__Your task__.
Without the images, repeat every line of the listing exactly.

__Provided material__.
──────────

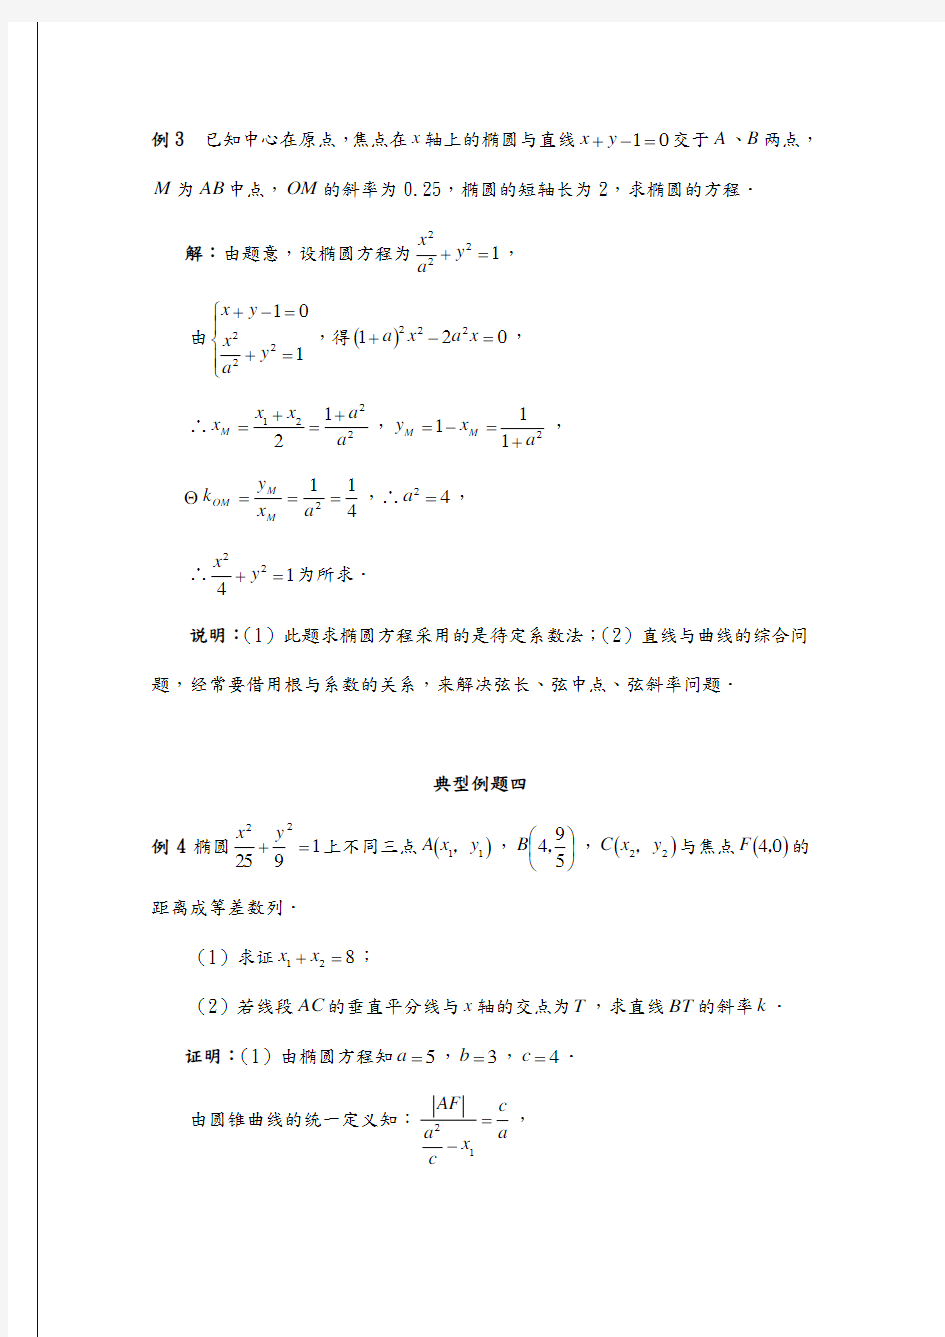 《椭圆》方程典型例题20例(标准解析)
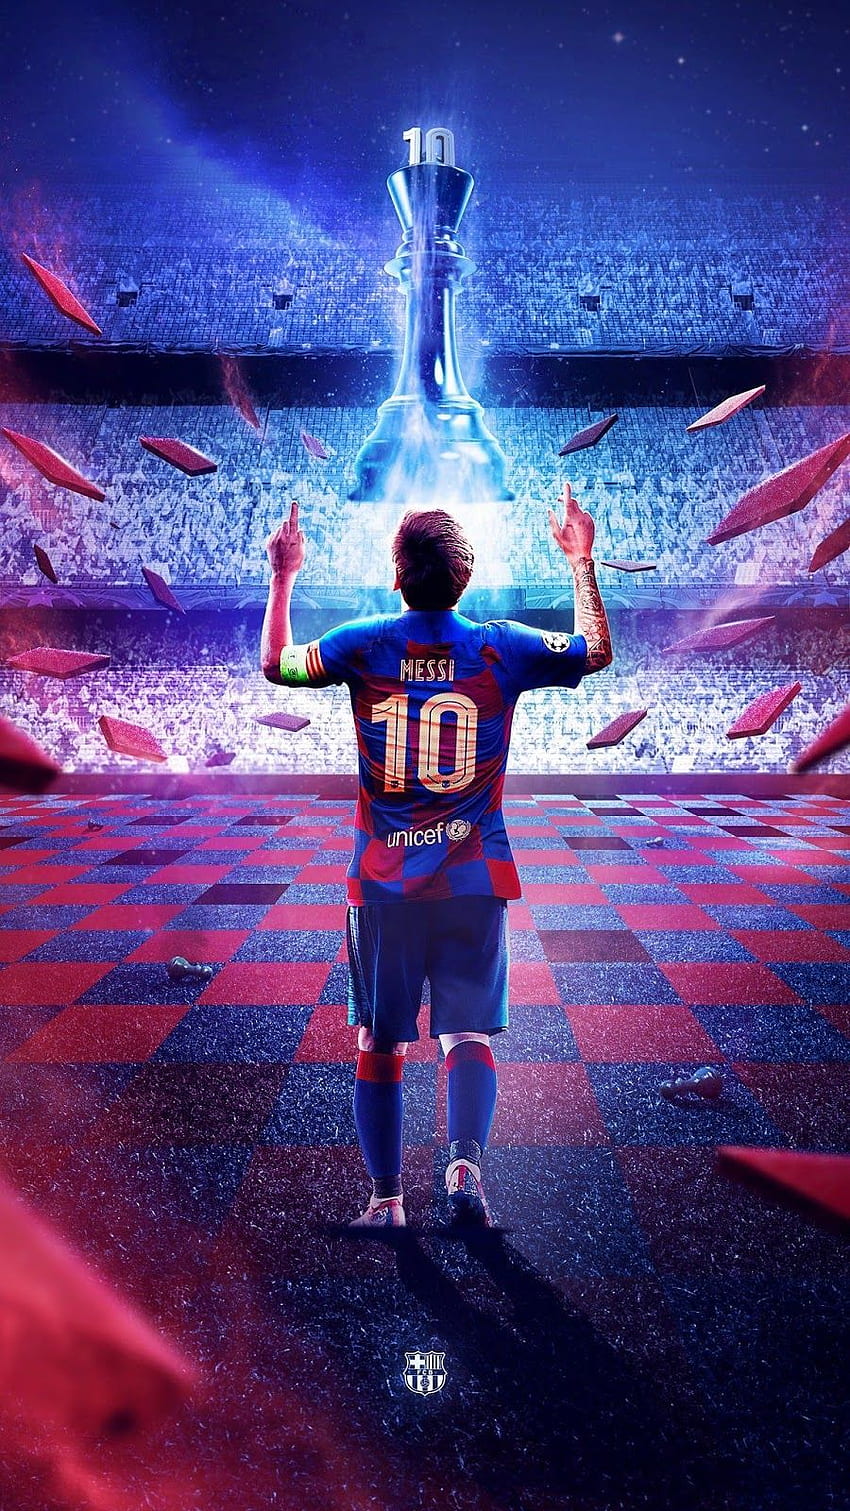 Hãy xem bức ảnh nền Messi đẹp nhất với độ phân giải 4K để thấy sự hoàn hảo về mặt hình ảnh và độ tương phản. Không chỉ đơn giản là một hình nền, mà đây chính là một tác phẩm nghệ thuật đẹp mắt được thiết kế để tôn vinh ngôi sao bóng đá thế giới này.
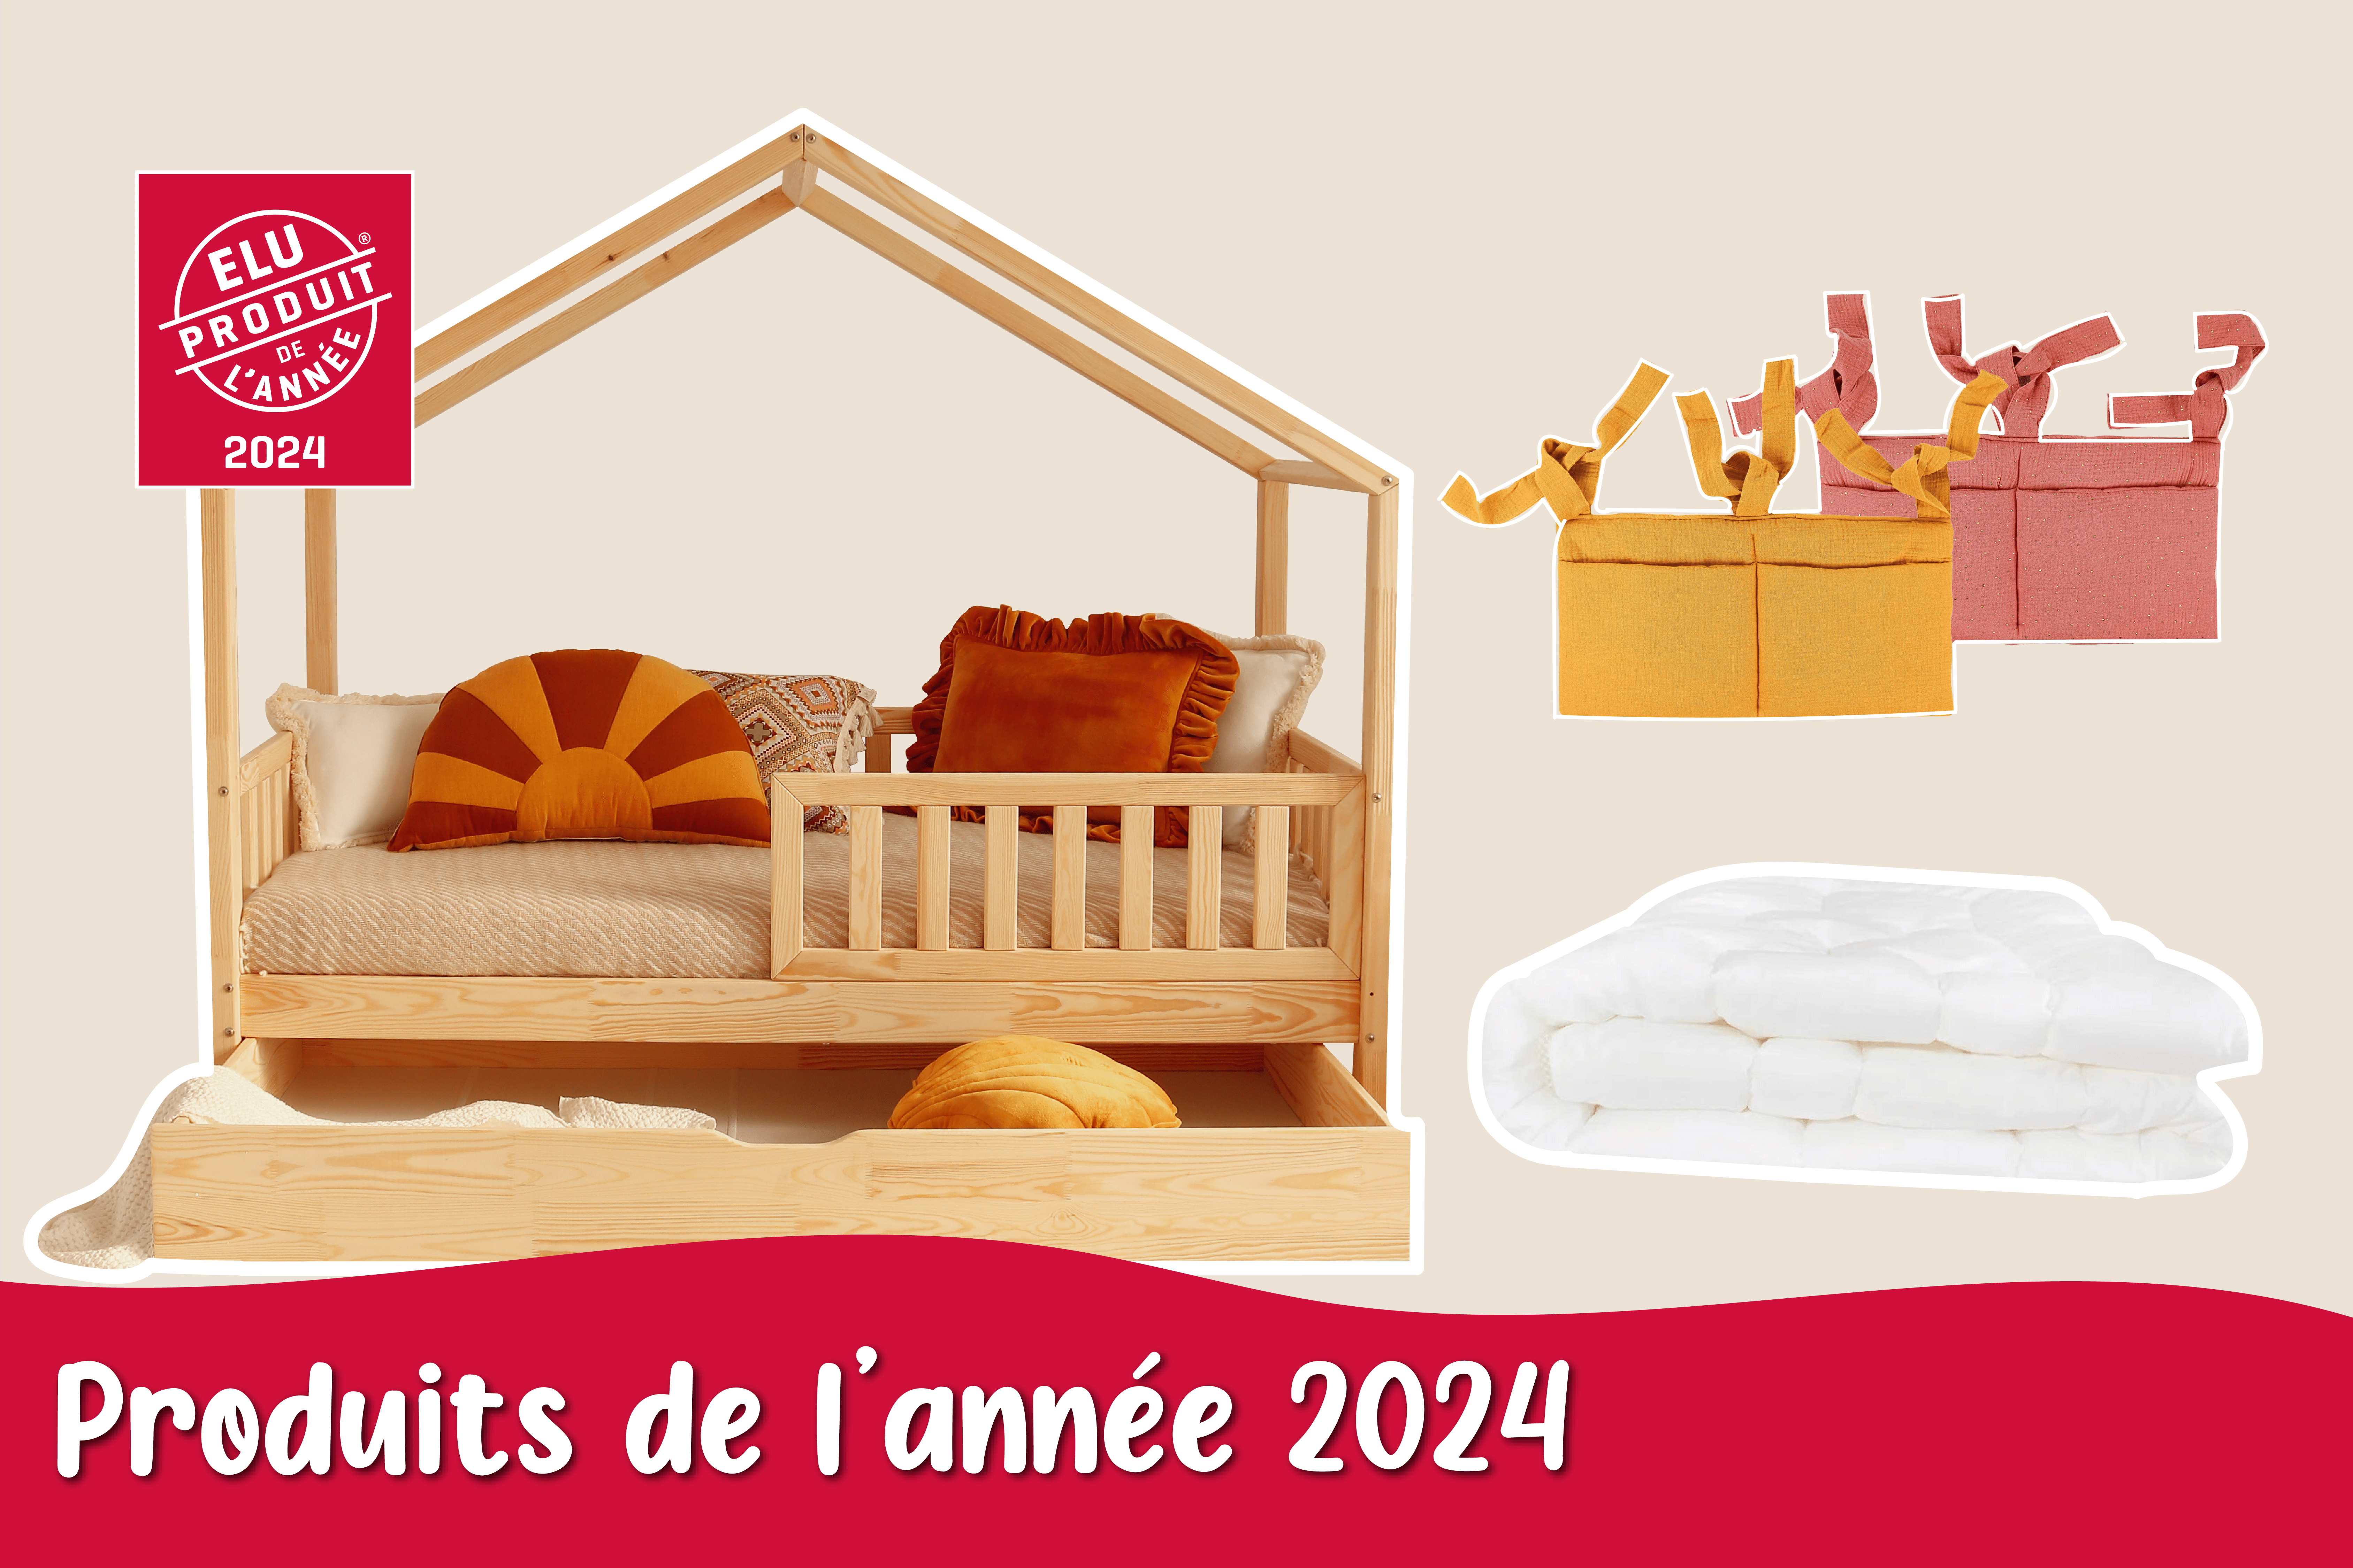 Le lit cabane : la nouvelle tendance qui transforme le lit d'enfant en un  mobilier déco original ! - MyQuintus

──────────

__Solved exercise__.
 《椭圆》方程典型例题20例(标准解析)
 Hãy xem bức ảnh nền Messi đẹp nhất với độ phân giải 4K để thấy sự hoàn hảo về mặt hình ảnh và độ tương phản. Không chỉ đơn giản là một hình nền, mà đây chính là một tác phẩm nghệ thuật đẹp mắt được thiết kế để tôn vinh ngôi sao bóng đá thế giới này.
 Le lit cabane : la nouvelle tendance qui transforme le lit d'enfant en un  mobilier déco original ! - MyQuintus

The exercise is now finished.